## AIM OF THE EXERCISE
Restate the listing that follows word for word, without its pictures.

## MATERIAL PROVIDED

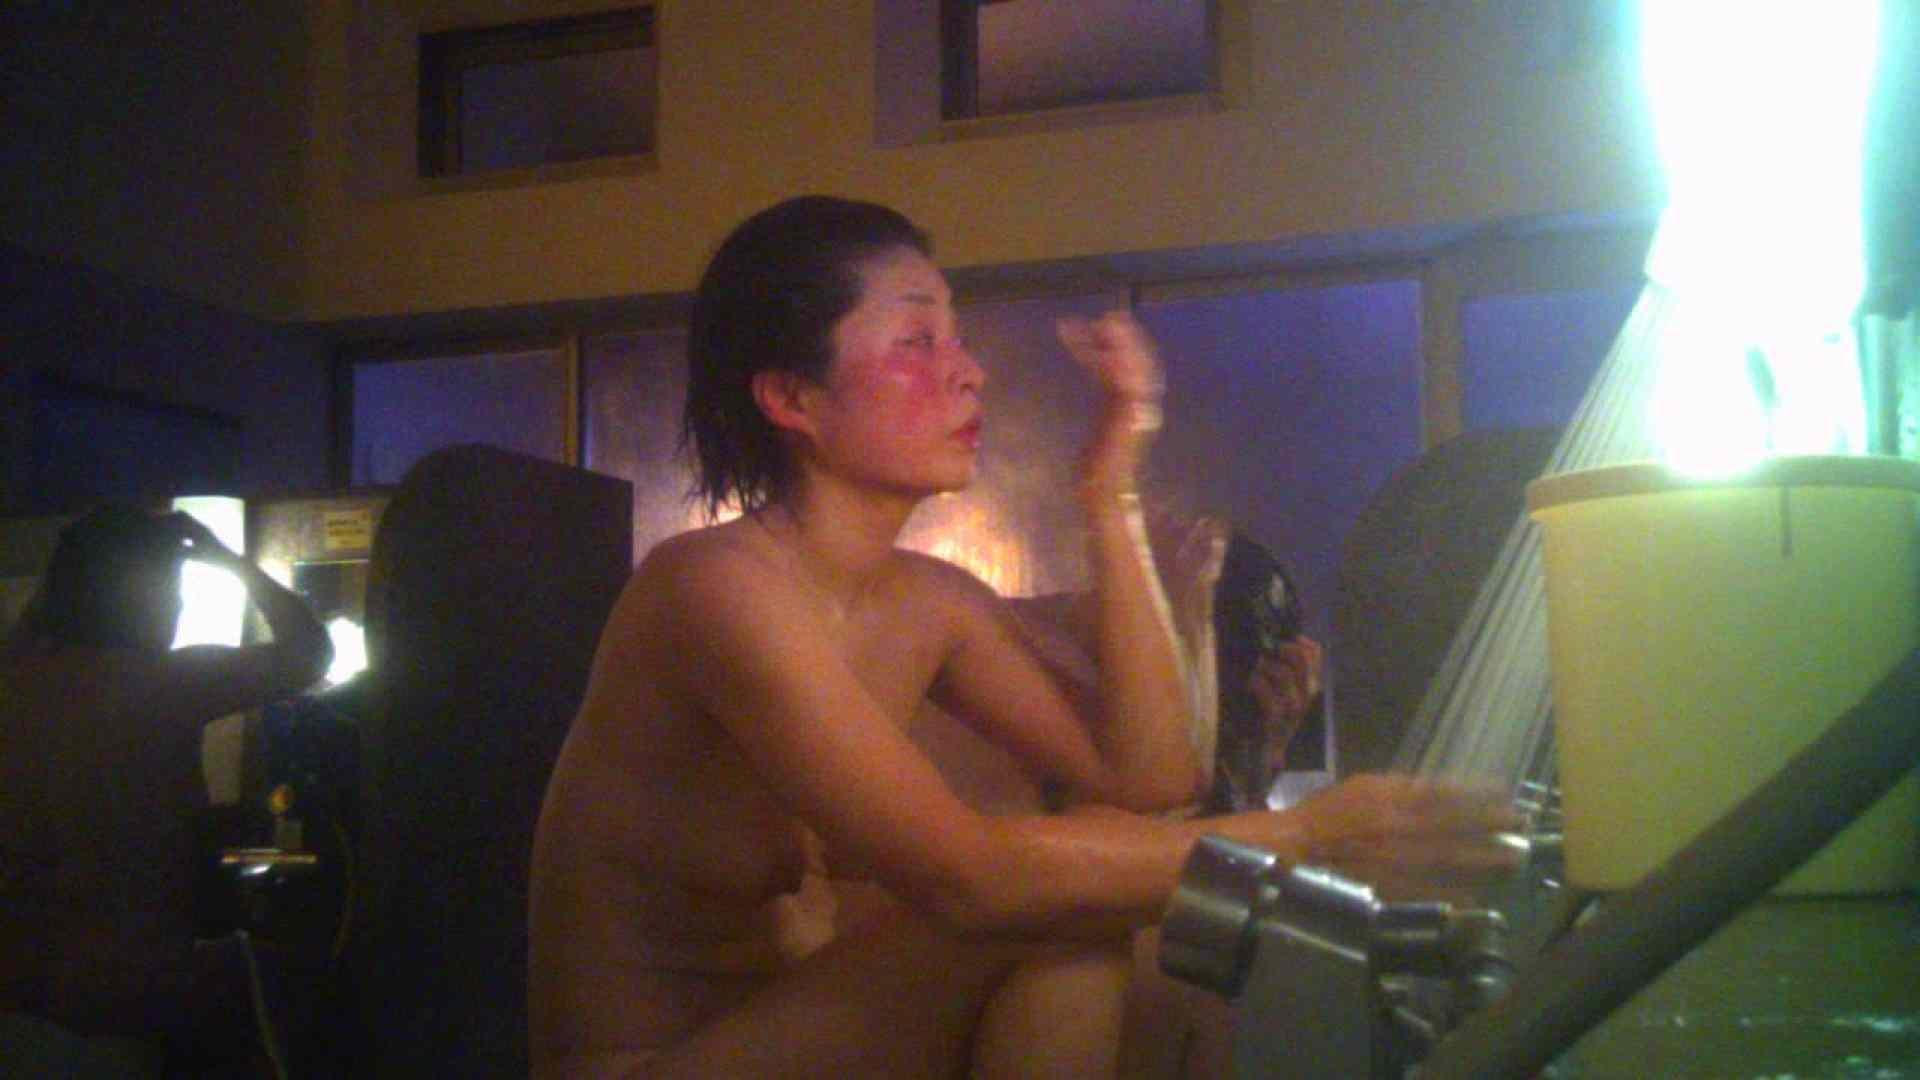 TG.21 【上等兵】井戸端会議が大好きな奥さん 垂れ乳 アダルト動画キャプチャ 81画像 64
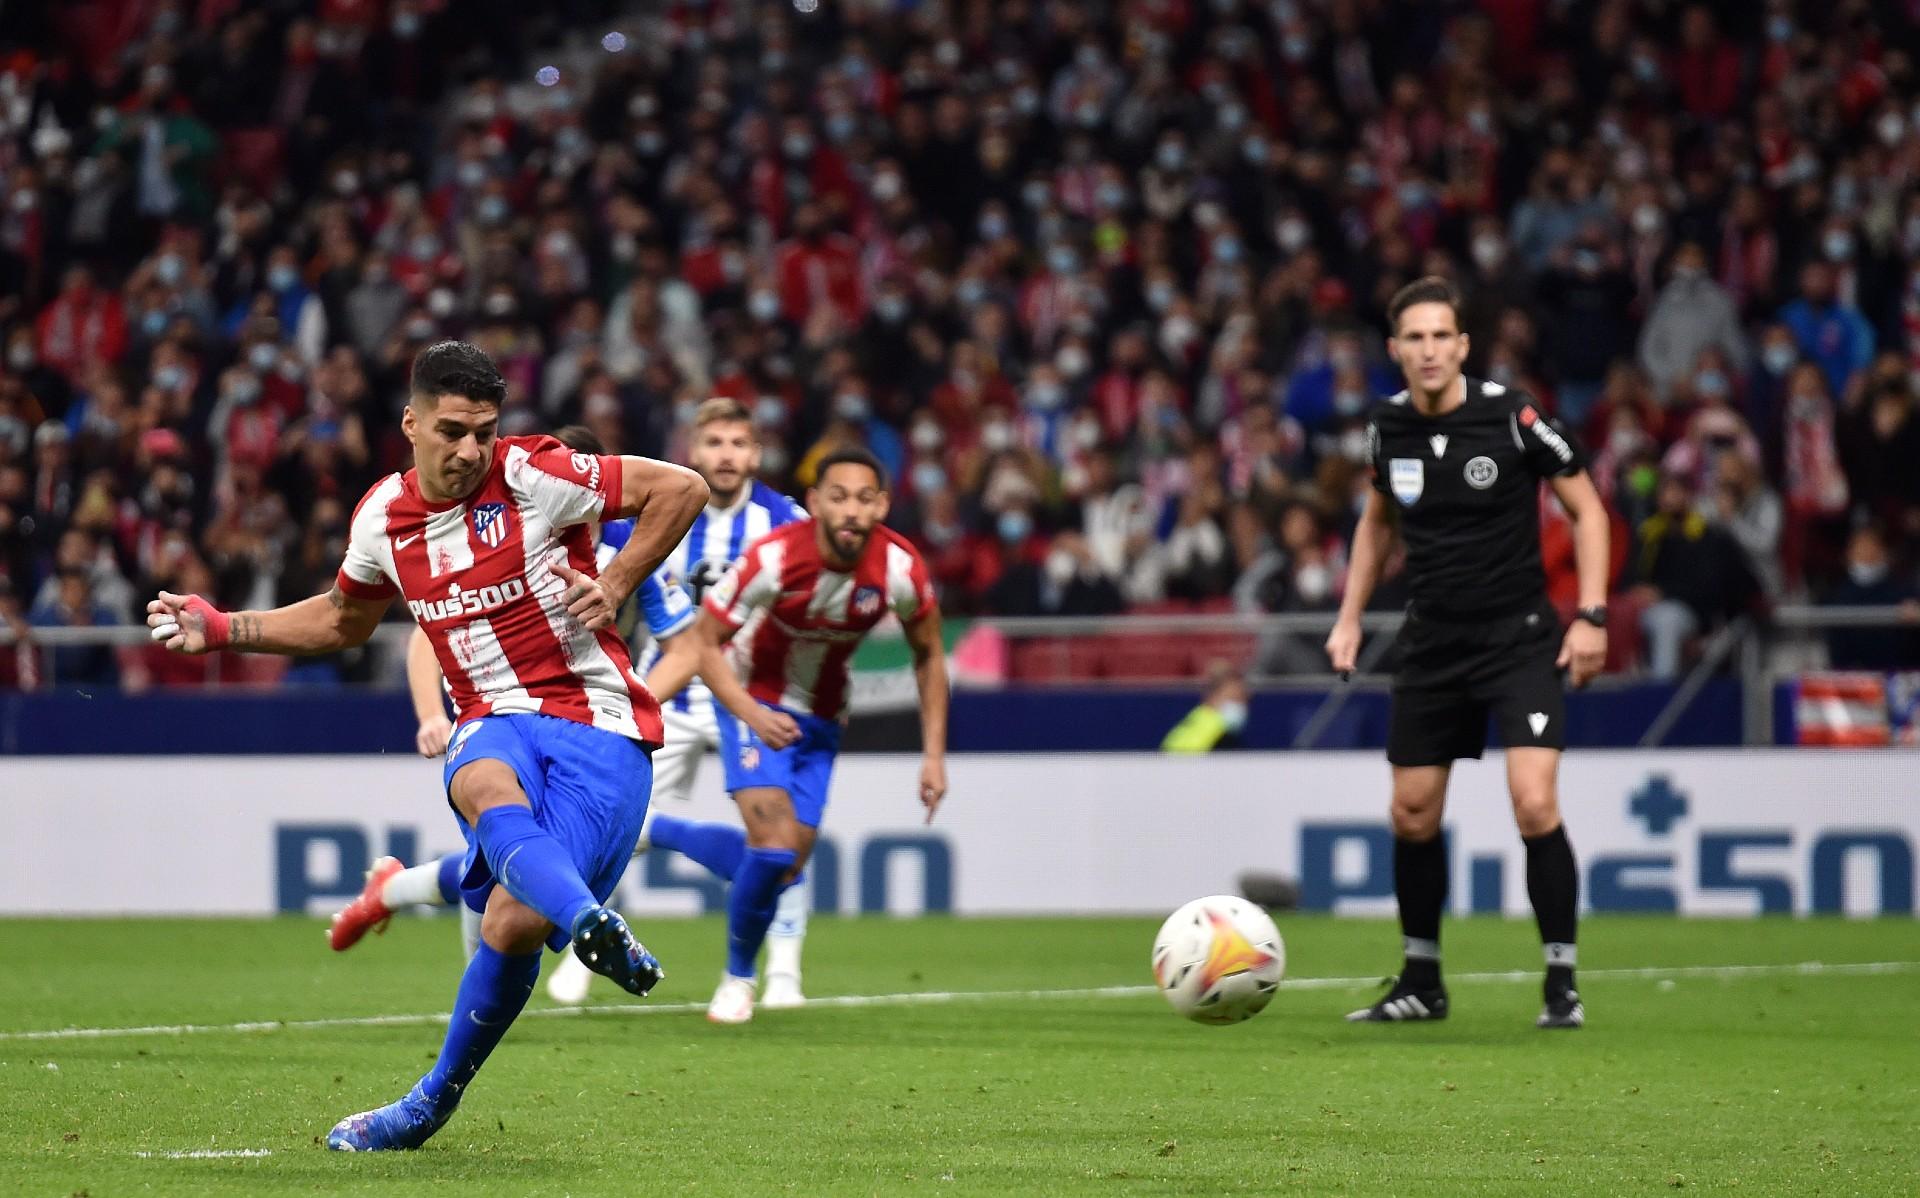 Diego Simeone hails 'extraordinary' Luis Suarez in Real Sociedad draw
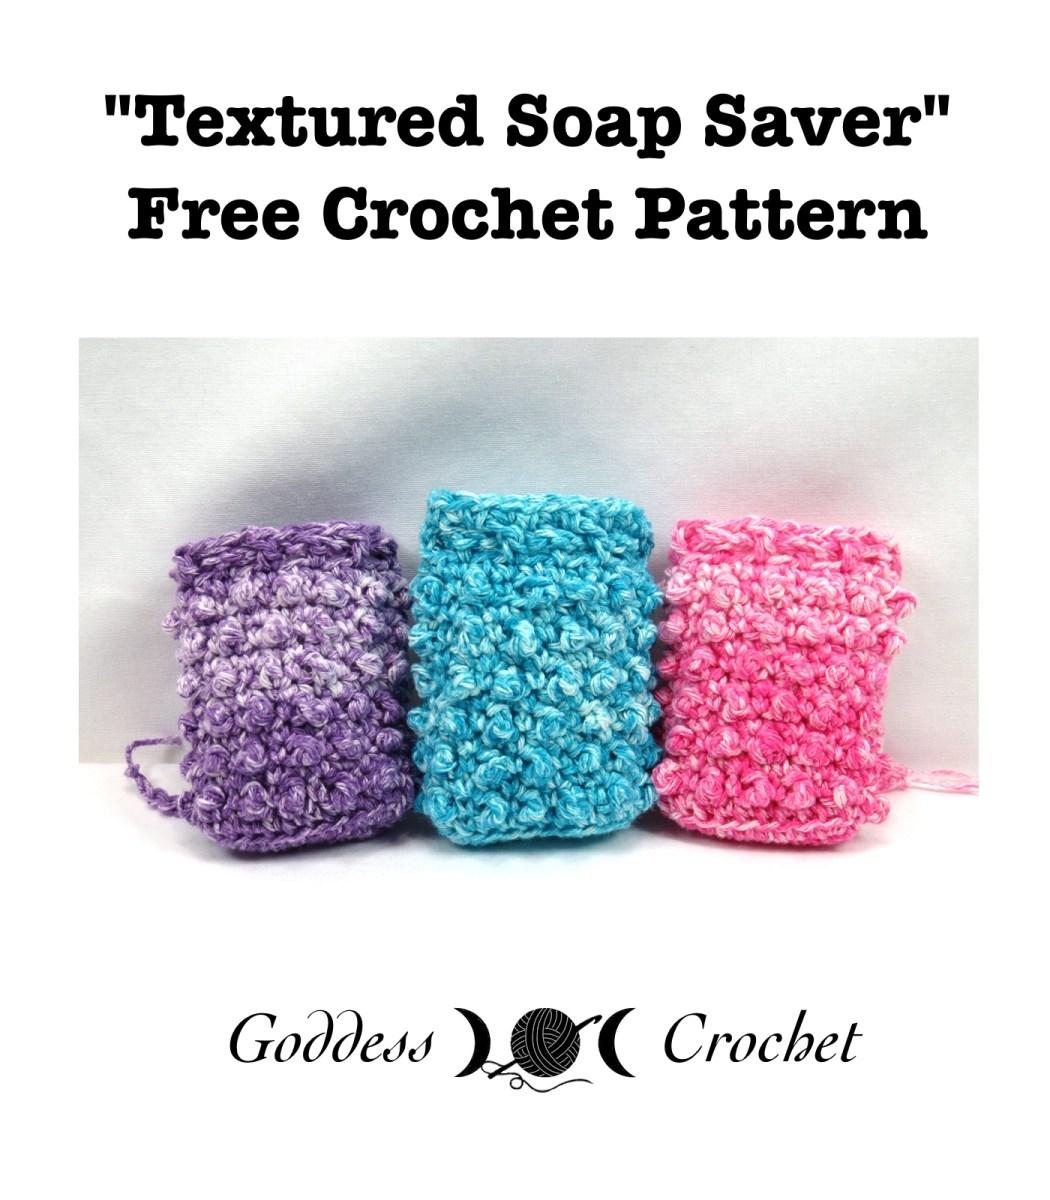 Textured Soap Saver - Free Crochet Pattern - Goddess Crochet

## EXERCISE RESULT
 TG.21 【上等兵】井戸端会議が大好きな奥さん 垂れ乳 アダルト動画キャプチャ 81画像 64
 Diego Simeone hails 'extraordinary' Luis Suarez in Real Sociedad draw
 Textured Soap Saver - Free Crochet Pattern - Goddess Crochet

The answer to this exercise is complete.